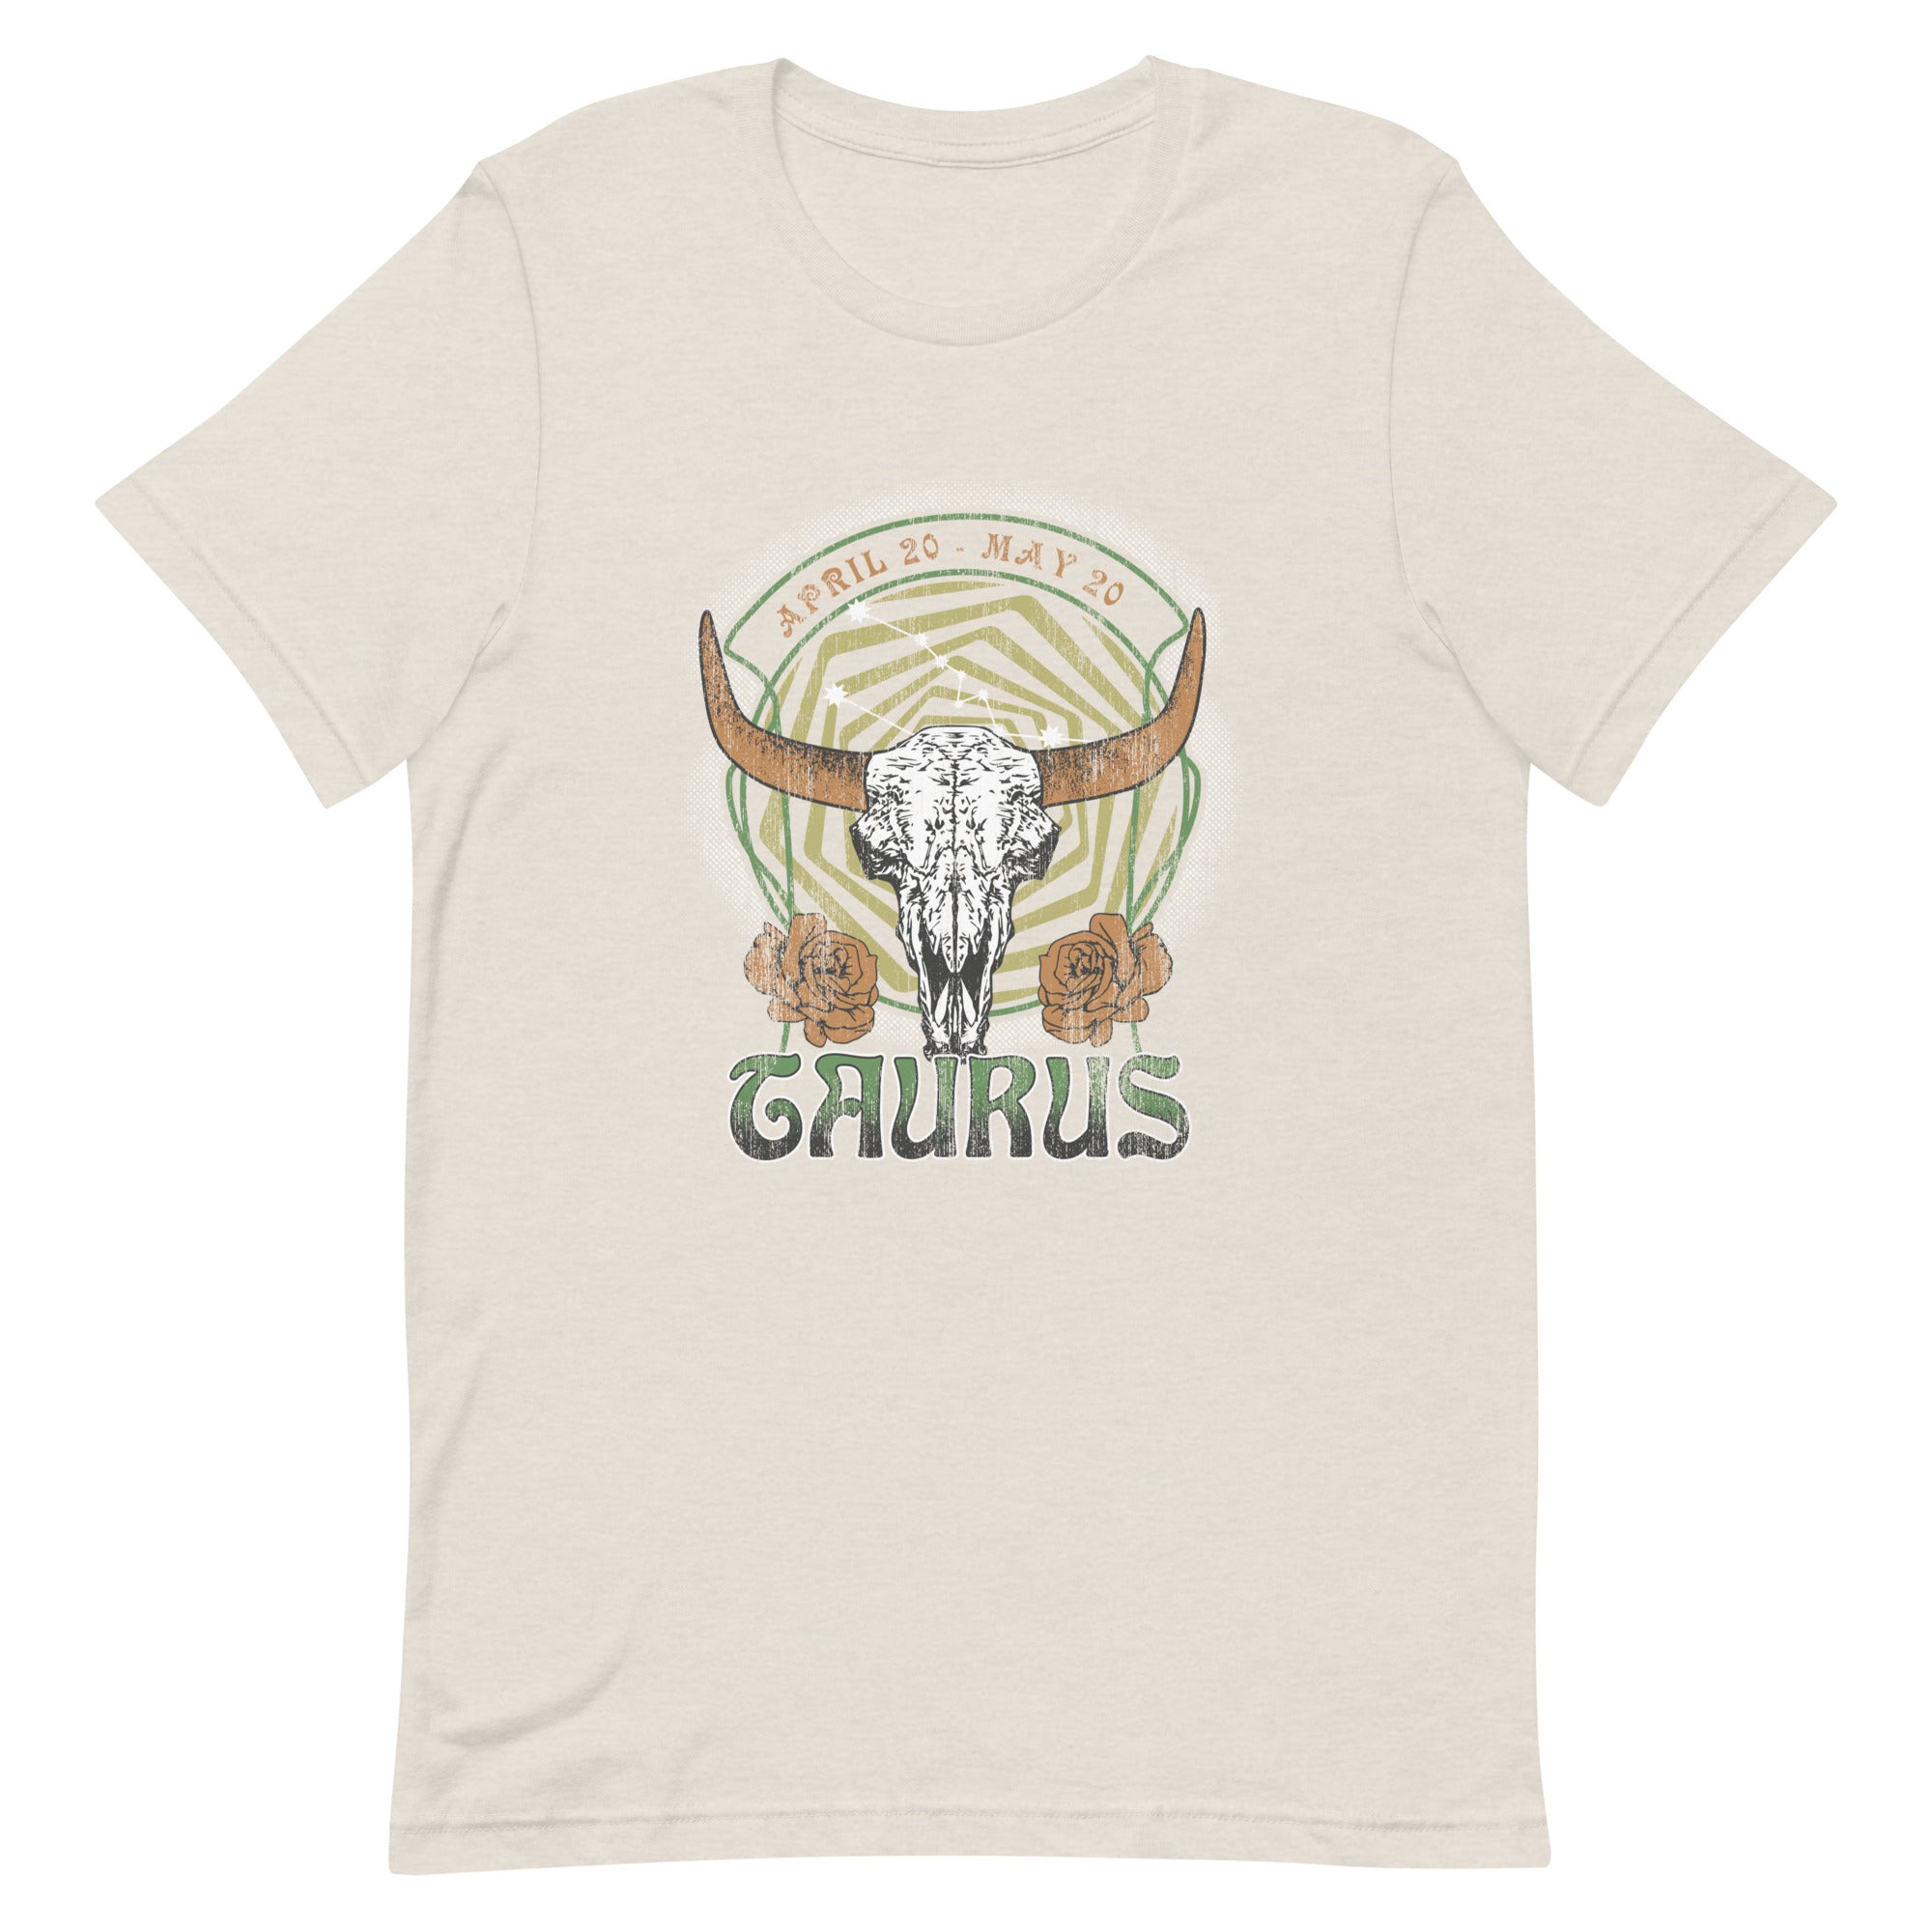 Taurus Band T-Shirt Inspired Graphic Tee
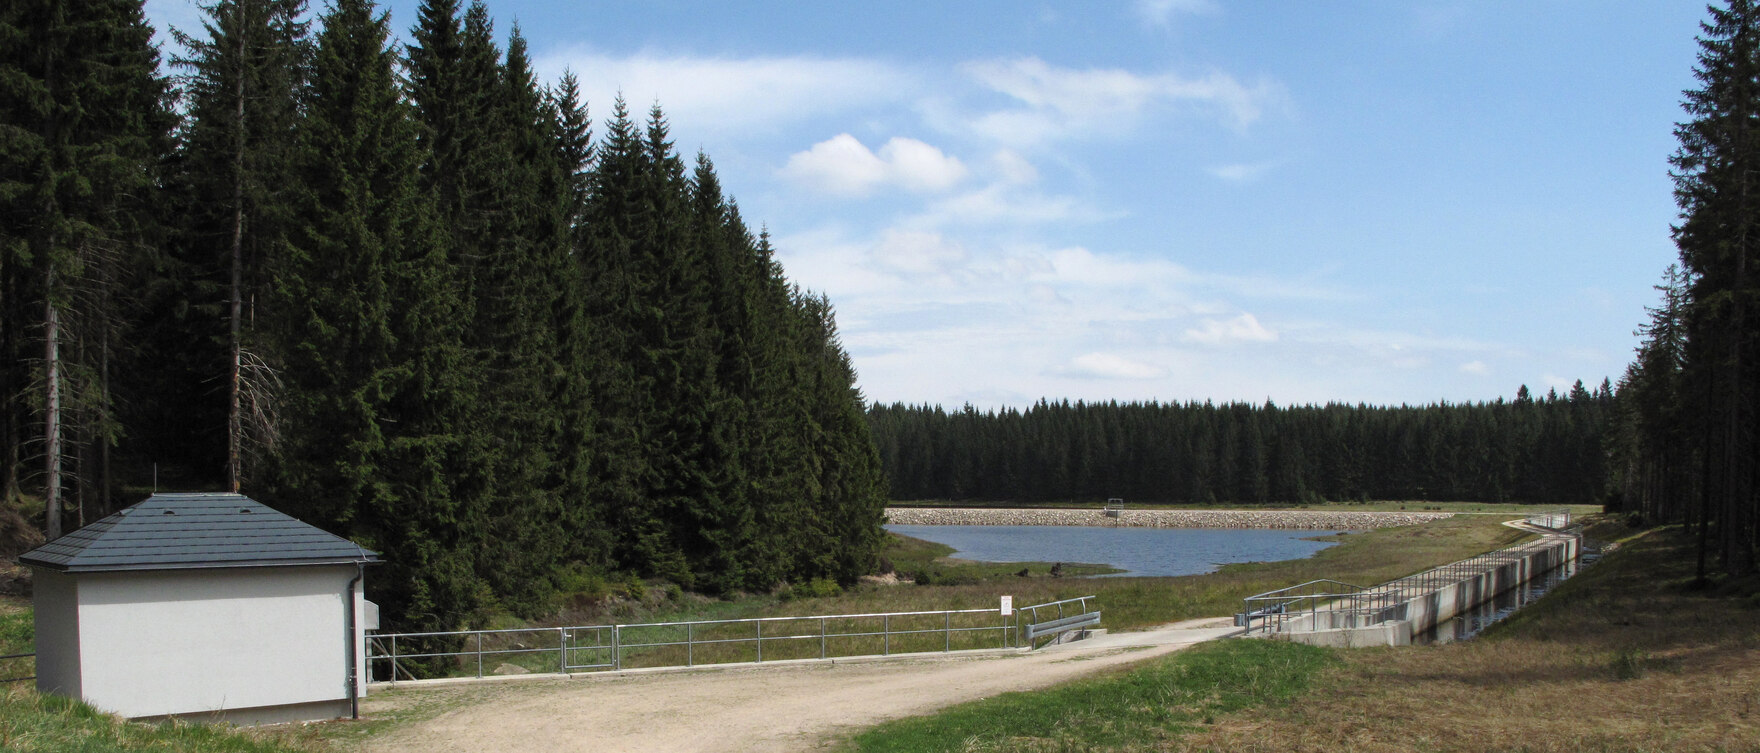 Blick auf einen Sandweg, links daneben steht ein kleines Gebäude vor einem Wald, am Ende des Weges befindet sich Wasser, darüber blauer Himmel
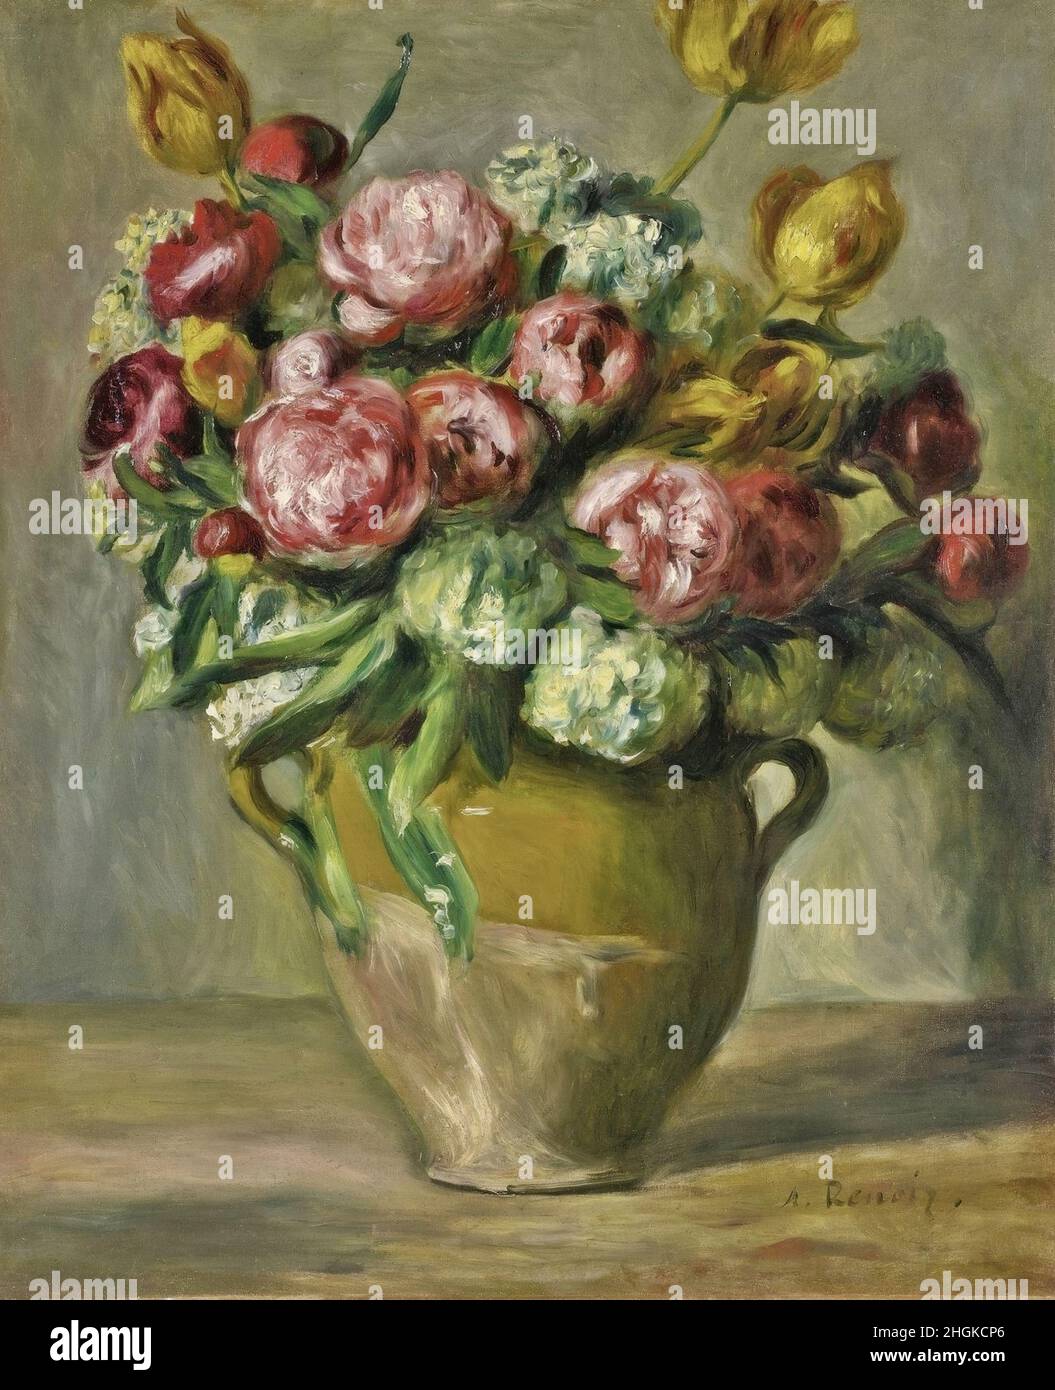 Renoir Auguste - Private Collection - Vase de pivoines - 1872c. - Oil on canvas 57 x 47 cm Stock Photo

Problem details:
Write out an exact copy of the lines beginning at the line that contains "Blick auf einen" and ending at the last line of the listing. Exclude pictures.

Written reply:
 Blick auf einen Sandweg, links daneben steht ein kleines Gebäude vor einem Wald, am Ende des Weges befindet sich Wasser, darüber blauer Himmel
 Renoir Auguste - Private Collection - Vase de pivoines - 1872c. - Oil on canvas 57 x 47 cm Stock Photo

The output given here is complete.